As Víctor de Correa had serious problems with the suppliers of gastronomic products, Martín Fox called his brother Pablo, who worked in the main cafeteria of the Central Station in New York, to put himself in charge of that item in the cabaret. And it always worked perfectly.
Then he decided to change the environment of the place and called for it Max Borges Jr., one of the most renowned representatives of modernity in Cuban architecture. Borges changed the face of the Bajo las Estrellas hall, which went from being the terrace of a recreation house to a large hall for dancing and show, with the stepped floor to allow better visibility of the showsshows, with high walkways and a single central spider. He raised the Arcos de Cristal room, a true display of modernity, with very suggestive lines, excellent use of space and other virtues. Max Borges also commissioned the outstanding sculptor Rita Longa the dancer who would receive the audience at the entrance. The image achieved by the artist was so perfect that it became the logo of the cabaret, reproduced in removers, cup holders, napkins, posters and all the propaganda about the nightclub.
Once the business and physical part of the center was resolved, the conceptual aspect remained.
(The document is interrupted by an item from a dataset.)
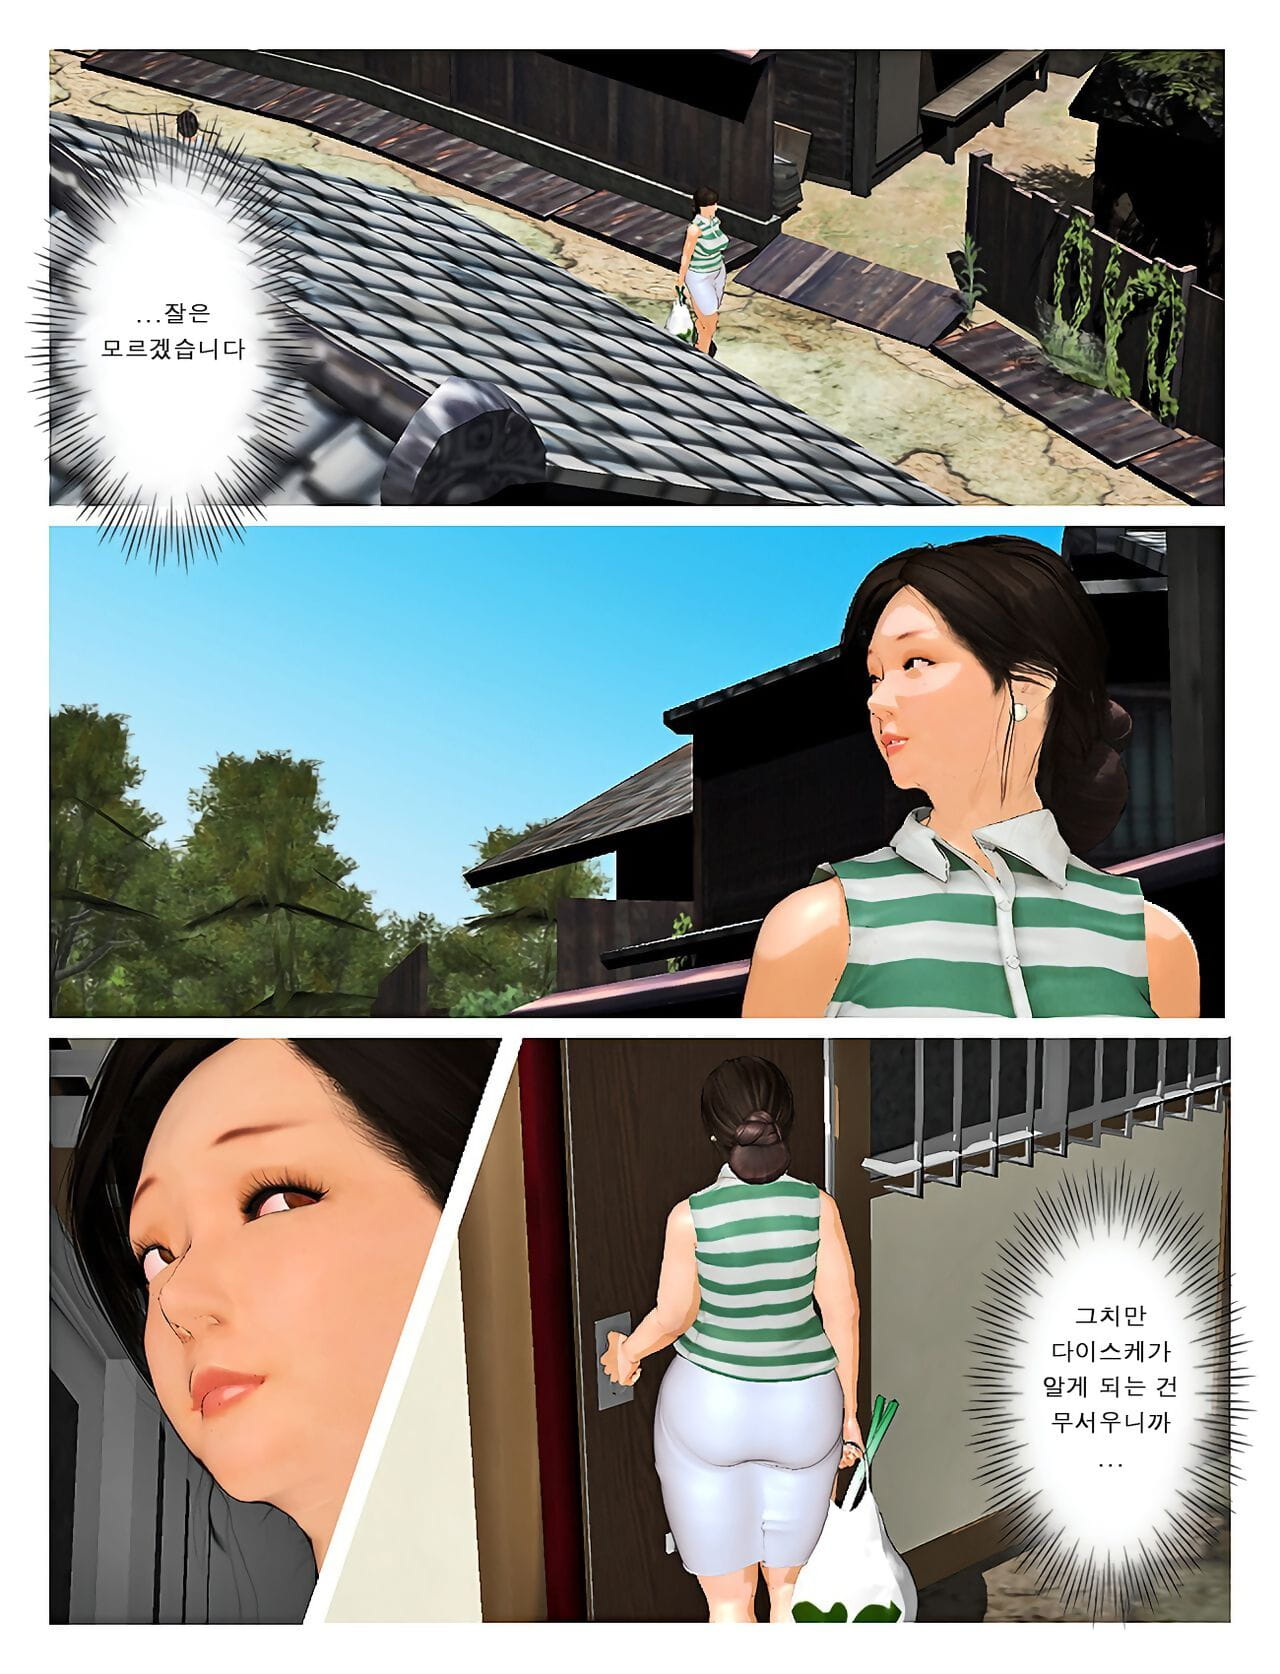 Kyou no misako San 2019:3 오늘의 미사코씨 2019:3 page 1

For this, it was necessary to find an artistic director - in the 50's they were called producers- and they found him in Sans Souci: Roderico Neyra (Rodney).
The impact that Rodney had on the beauty and possibilities of the two rooms of the new Tropicana, the ideas of Martín Fox and Ardura on everything that could be done in the shows, the work facilities offered and the salary that was given to him (500 pesos a week, an excessive figure for the time) led to him, to fulfill the commitment made with the Sans Souci and start work in Tropicana, simultaneously combine both places.
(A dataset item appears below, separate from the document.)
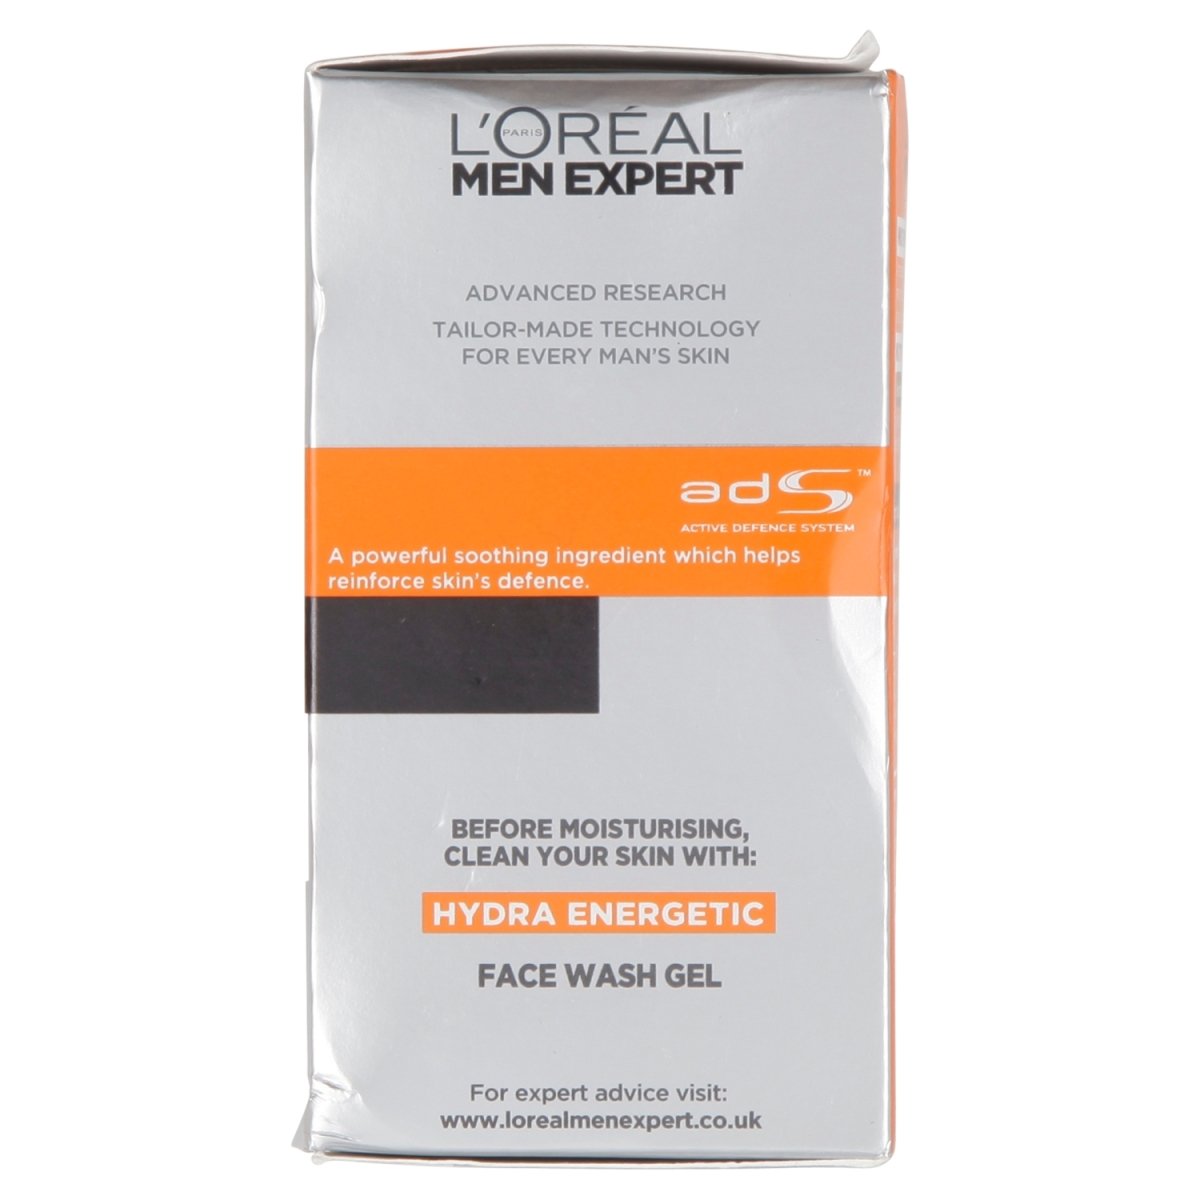 L'Oreal Men Expert Hydra Energetic Moisturiser - Intamarque 3600520297262

There were other elements to specify that could be solved, but one could not be postponed: music. Rodney didn't think twice; He had worked with Armando Romeu at Sans Souci and he had no doubt that he was the musical director who needed the new cabaret, as he had a rich career not only in that profile but also as an author and arranger. Romeu had worked with a large number of musical groups and had traveled throughout Latin America, the United States, and Europe. He was, without a doubt, one of the Cuban musicians who had most performed jazz on the island - even with American orchestras - and had been a fundamental part of the group of artists that began a fusion that later developed under the name of Latin jazz. The big band was his favorite and moved in it with absolute ease.
Andrés García, the illustrator of the covers of Carteles magazine and designer of the famous theatrical theater Prometeo, worked hard on stage and costumes. The choreography (Rodney was definitely not a great choreographer) was performed by Alberto Alonso, Luis Trápaga and Henry Bell.
Rodney had done theater as an actor - especially in the role of the Negritoof the vernacular theater - he had choreographed some paintings in the famous Shanghai porn theater, he had been in the first Tropicana as a figurative and choreographic assistant in Congo Panther, the only spectacle of large-format presented by Victor de Correa at the end of his management there ... Then he arrived at Sans Souci where he directed the shows and did the choreographies. Now he was the great general manager of the immense Tropicana.
Martín Fox pursued a very clear end: that Tropicana's great fame came to him through the shows and not the casino. Rodney was going to achieve it with surprising speed. And it would create, in passing, an aesthetic of the show that would identify once and forever the beautiful open-air Eden in which Martin Fox had converted to a nightclub over the already famous Havana night.